Il problema dell'el è che non puoi giocare al giovedi sera in città nelle quali non c'è nemmeno l'aeroporto per poi rientrare a milano il venerdi all'alba.
E' una coppa che logora.
Una coppa per il calcio minore.

Ci sarebbero altri aspetti che relegano questa coppa a 'periferia' del calcio, tipo le 'retrocesse' dalla champions che arrivano sul più bello per prendere in giro le altre.

Dai, la uisp è più credibile.


----------



## Zosimo2410 (25 Agosto 2022)

La chiave sarebbe beccare lo Shaktar nella terza fascia.
Perchè quelle della quarta fascia sono abbordabili (anche se nessuna da prendere sotto gamba) e comunque ne passano 2.

Tante volte l'urna delle prime qualificate ha pesci grossissimi, ma anche qualche buco. Anzi, se beccassimo un pescassimo un Liverpool o un Chelsea come seconda avremmo la garanzia di non averla contro agli ottavi e magari peschiamo la prima del girone Ajax, Lipsia, Salisburgo, Copenhagen


----------



## numero 3 (25 Agosto 2022)

Siviglia Shaktar Maccabi...
Ah ah ah


----------



## Zosimo2410 (25 Agosto 2022)

diavoloINme ha scritto:


> Il problema dell'el è che non puoi giocare al giovedi sera in città nelle quali non c'è nemmeno l'aeroporto per poi rientrare a milano il venerdi all'alba.
> E' una coppa che logora.
> Una coppa per il calcio minore.
> 
> ...


La Roma lo ha fatto, alla fine si è classificata più o meno in base al suo valore in campionato, ma ha portato a casa gli stessi punti di ranking che noi abbiamo accumulato in 5 anni.
Adesso ne beneficerà per anni come sosrteggi e distribuzione dei ricavi, oltre a fregiarsi comunque di una coppa Europea.


----------



## darden (25 Agosto 2022)

La cosa migliore sarebbe beccare il Lipsia in seconda fascia, a quel punto dalla terza fascia se escludi le tedesche e le italiane restano Benfica/Sporting/Shaktar che sono abbordabili. Se invece becchi una inglese o una spagnola in seconda fascia rischiamo pure le tedesche e quindi un girone complicatissimo.


----------



## diavoloINme (25 Agosto 2022)

Zosimo2410 ha scritto:


> La Roma lo ha fatto, alla fine si è classificata più o meno in base al suo valore in campionato, ma ha portato a casa gli stessi punti di ranking che noi abbiamo accumulato in 5 anni.
> Adesso ne beneficerà per anni come sosrteggi e distribuzione dei ricavi, oltre a fregiarsi comunque di una coppa Europea.

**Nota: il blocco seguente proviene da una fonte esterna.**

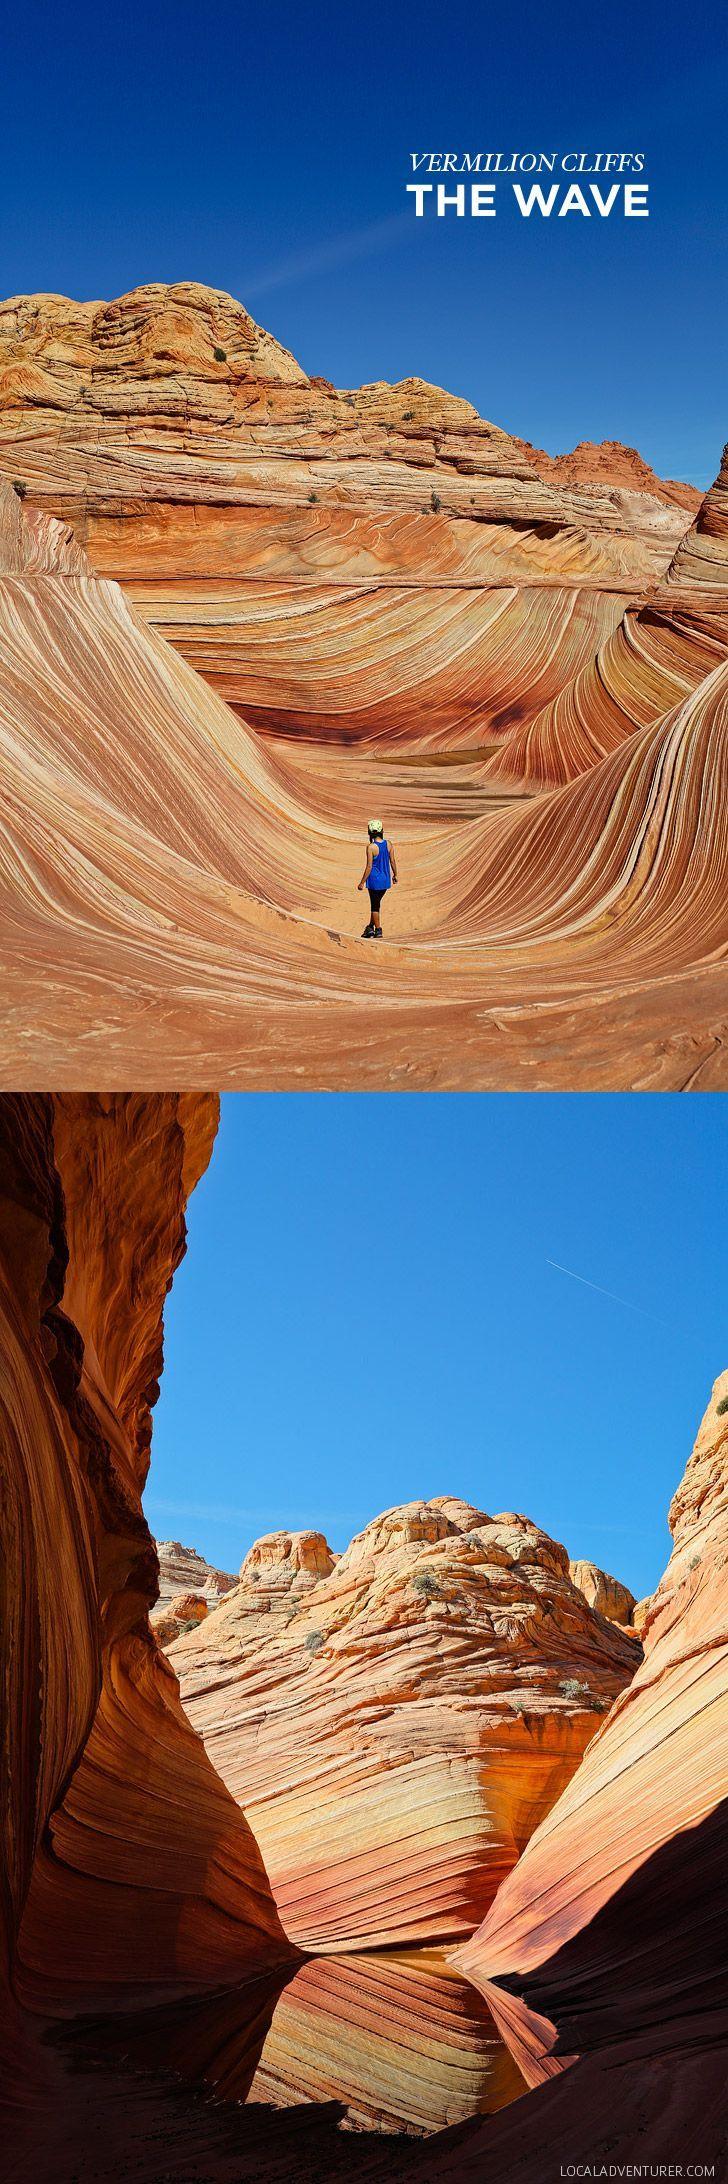 Hose canyon az

Me nessuno mette in dubbio che giocare in europa serve e giova ma a me non piacciono le formule.


----------



## Zosimo2410 (25 Agosto 2022)

diavoloINme ha scritto:


> Me nessuno mette in dubbio che giocare in europa serve e giova ma a me non piacciono le formule.


Ci si potrebbe adattare.

Ad esempio le squadre di EL e CL (sono 3) giocano il in campionato lunedì in quelle determinate giornate, oppure hanno il vincolo alla stesura del calendario che in quelle date non possono affrontare squadre arrivate tra le prime10 l'anno prima che non facciano EL o CL.


----------



## Zosimo2410 (25 Agosto 2022)

darden ha scritto:


> La cosa migliore sarebbe beccare il Lipsia in seconda fascia, a quel punto dalla terza fascia se escludi le tedesche e le italiane restano Benfica/Sporting/Shaktar che sono abbordabili. Se invece becchi una inglese o una spagnola in seconda fascia rischiamo pure le tedesche e quindi un girone complicatissimo.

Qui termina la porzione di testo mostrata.